Successful Rebuilders Accept Full Responsibility for Their Actions

Author Linda J. MacDonald, M.S., LMFT From How to Help Your Spouse Heal from Your Affair: A Compact Manual for the Unfaithful 6 years ago 9616

This means no excuses or shifting blame onto the faithful spouse. Rebuilders get help (such as conseling, a recovery group, and/or mentoring) so they can overcome their rationalizations for the affair. They seek to undo all the lies they told themselves for “permission” to be unfaithful. From self-pity to their spouse’s imperfections, they realize no excuse justifies intimate betrayal. Successful rebuilders acknowledge the fact that no one “made” them get involved with someone else. They accept full responsibility for crossing the lines that led up to their affairs.


Successful rebuilders seek professional help to expore recent stressors as well as childhood experiences that may have predisposed them so sexually act out.

Common predisposing factors may include:

• A recent death in the family

• A job demotion or promotion

• The recent birth of a child

• An overly child-centered marriage

• A lack of emotional needs met in childhood

• Abandonment by a parent

• Being indulged by a doting parent (cultivates a sense of entitlement)

• A parent confiding in the child as a peer or surrogate spouse

• Unresolved childhood or trauma or grief

• Prematurely being forced to be an “adult”

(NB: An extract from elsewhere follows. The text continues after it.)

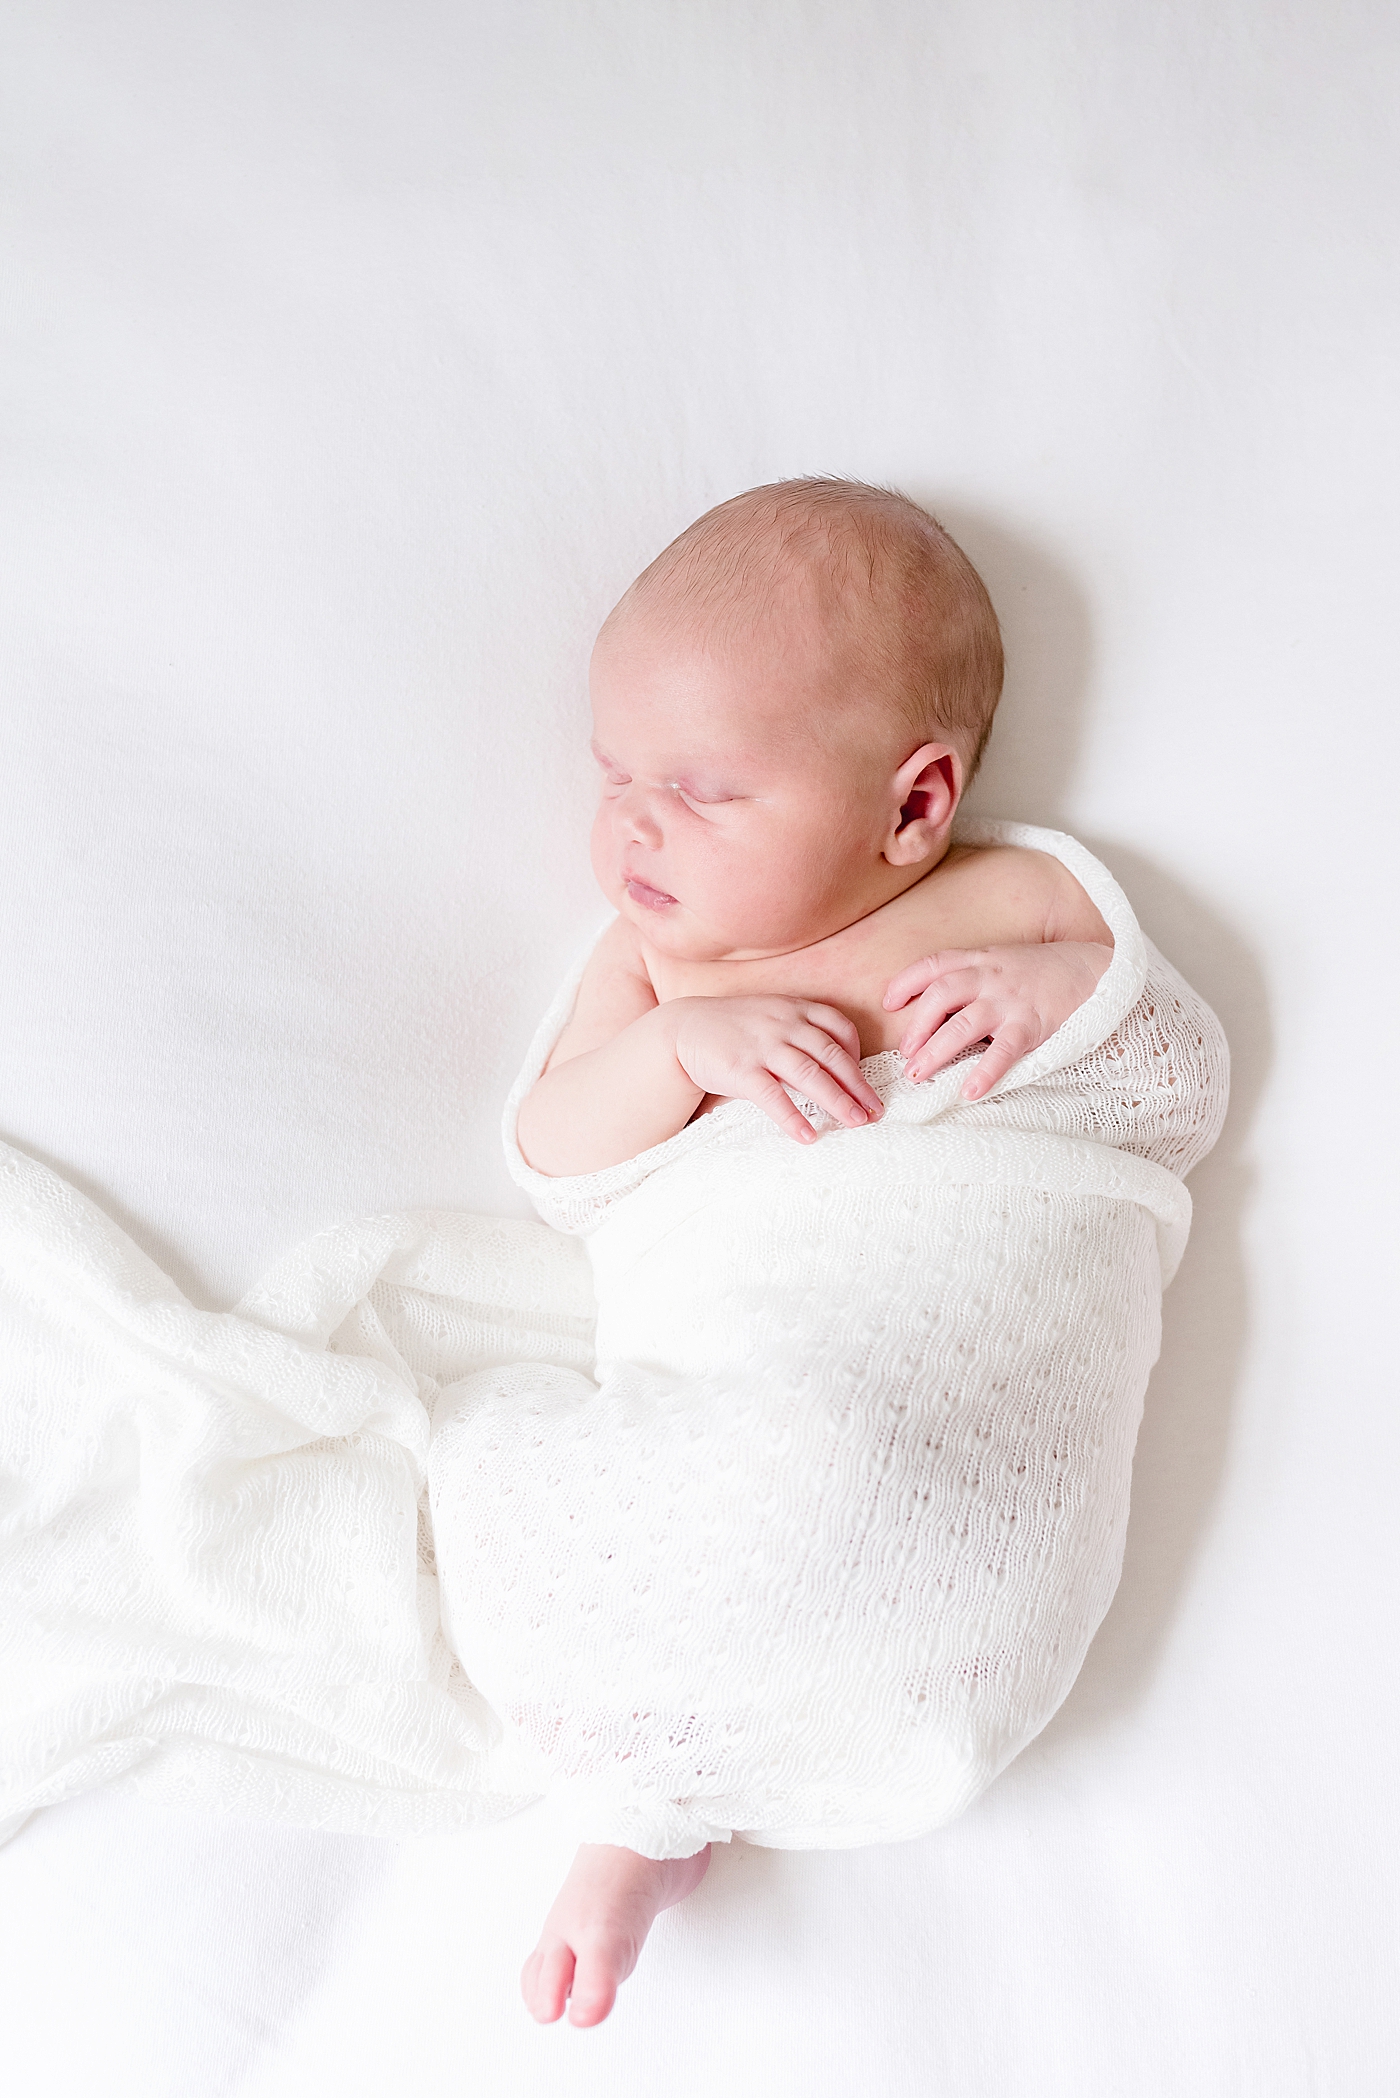 Newborn baby girl wrapped in a swaddle | Photo by Anna Wisjo Photography

• Learning to compartmentalize feelings in order to cope with the pain of childhood abuse

• Having a parent who justified his or her own infidelity

• Negative attitutes by a parent toward members of the opposite sex

• Early exposure to pornography or sexually explicit media

• Being sexually molested

• Being raised by a parent who is mentally ill or unstable

• Parental addiction to any substance or activity


Besides examing and processing wounds from the past, Successful rebuilders let go of the dream that some all-giving fairy God-mother or Prince Charming is going to swoop down and meet their need to feel more “whole”. Rebuilders recognize that a real or imagined lover, substance, or compulsive activity cannot fill the longings that spring from emptiness of soul. Only God can fill that hole, and even then, healing is a cooperative effort between self, God, and a band of supportive people. Spiritual growth and emotional maturity require time, self-reflection and effort.


Rebuilders seek to let go of their resentments toward parents, partners, life or God in order to find spiritual and emotional peace.

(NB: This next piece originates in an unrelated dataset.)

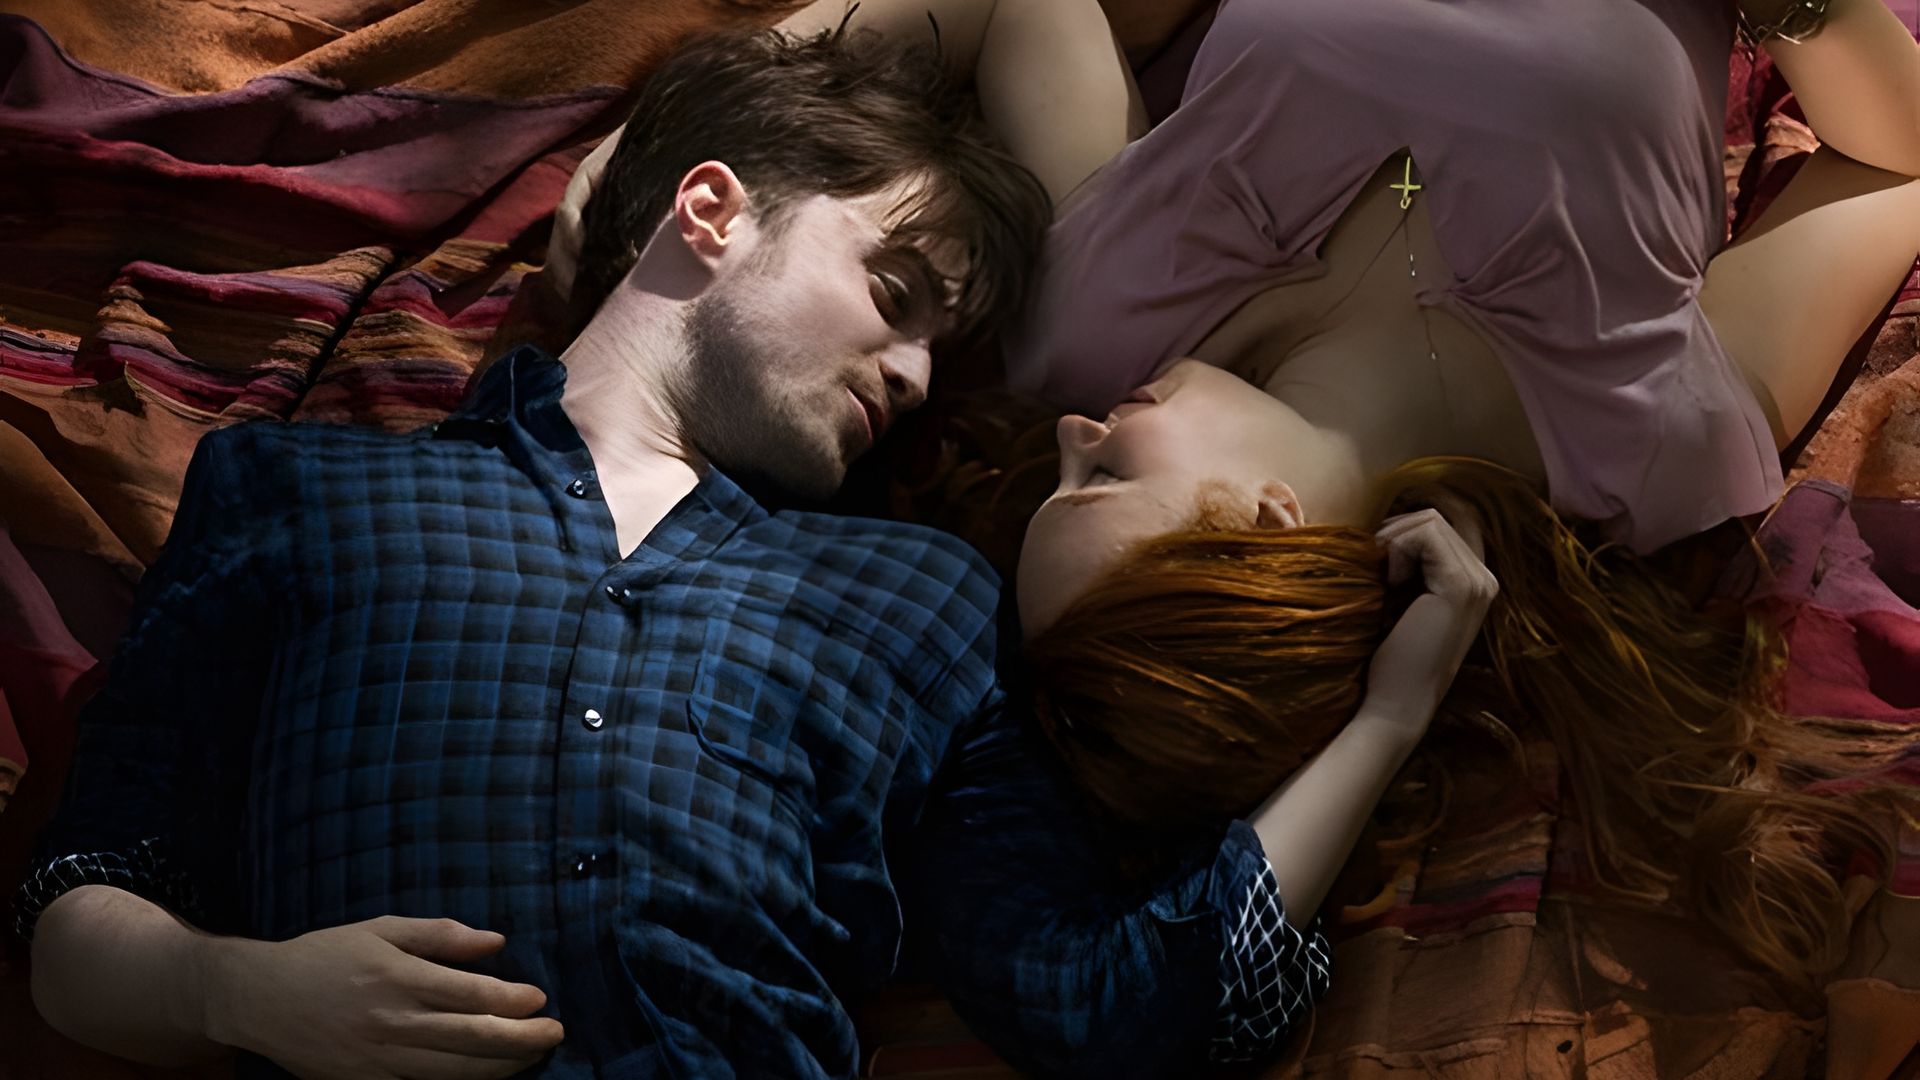 Horns: Juno Temple and Danielle Radcliffe

In summary, smart rebuilders do not minimize the impact of their actions. They face the ways they have hurt family members and accept responsibility for inviting negative or angry responses from their spouses. They retrace their steps to better understand their choices. They recognize the selfishness of their thinking and actions. They know they broke their marriage vows and freely admit this to their spouses.

Successful rebuilders stop fooling themselves or trying to fool others. They see all romantic encounters outside the marriage as acts of unfaithfulness - flirting, pornograhy, kissing, fondling, online sex - chat rooms, secret communications, confiding personal information about the marriage, sneaking around, and so on. They do not excuse these behaviors on the basis they were not technically intercourse. They do not parse words to minimize their offenses. Successful rebuilders fess up to their offenses with courage and demonstrate a desire to restore their integrity and their partners’ trust at any cost.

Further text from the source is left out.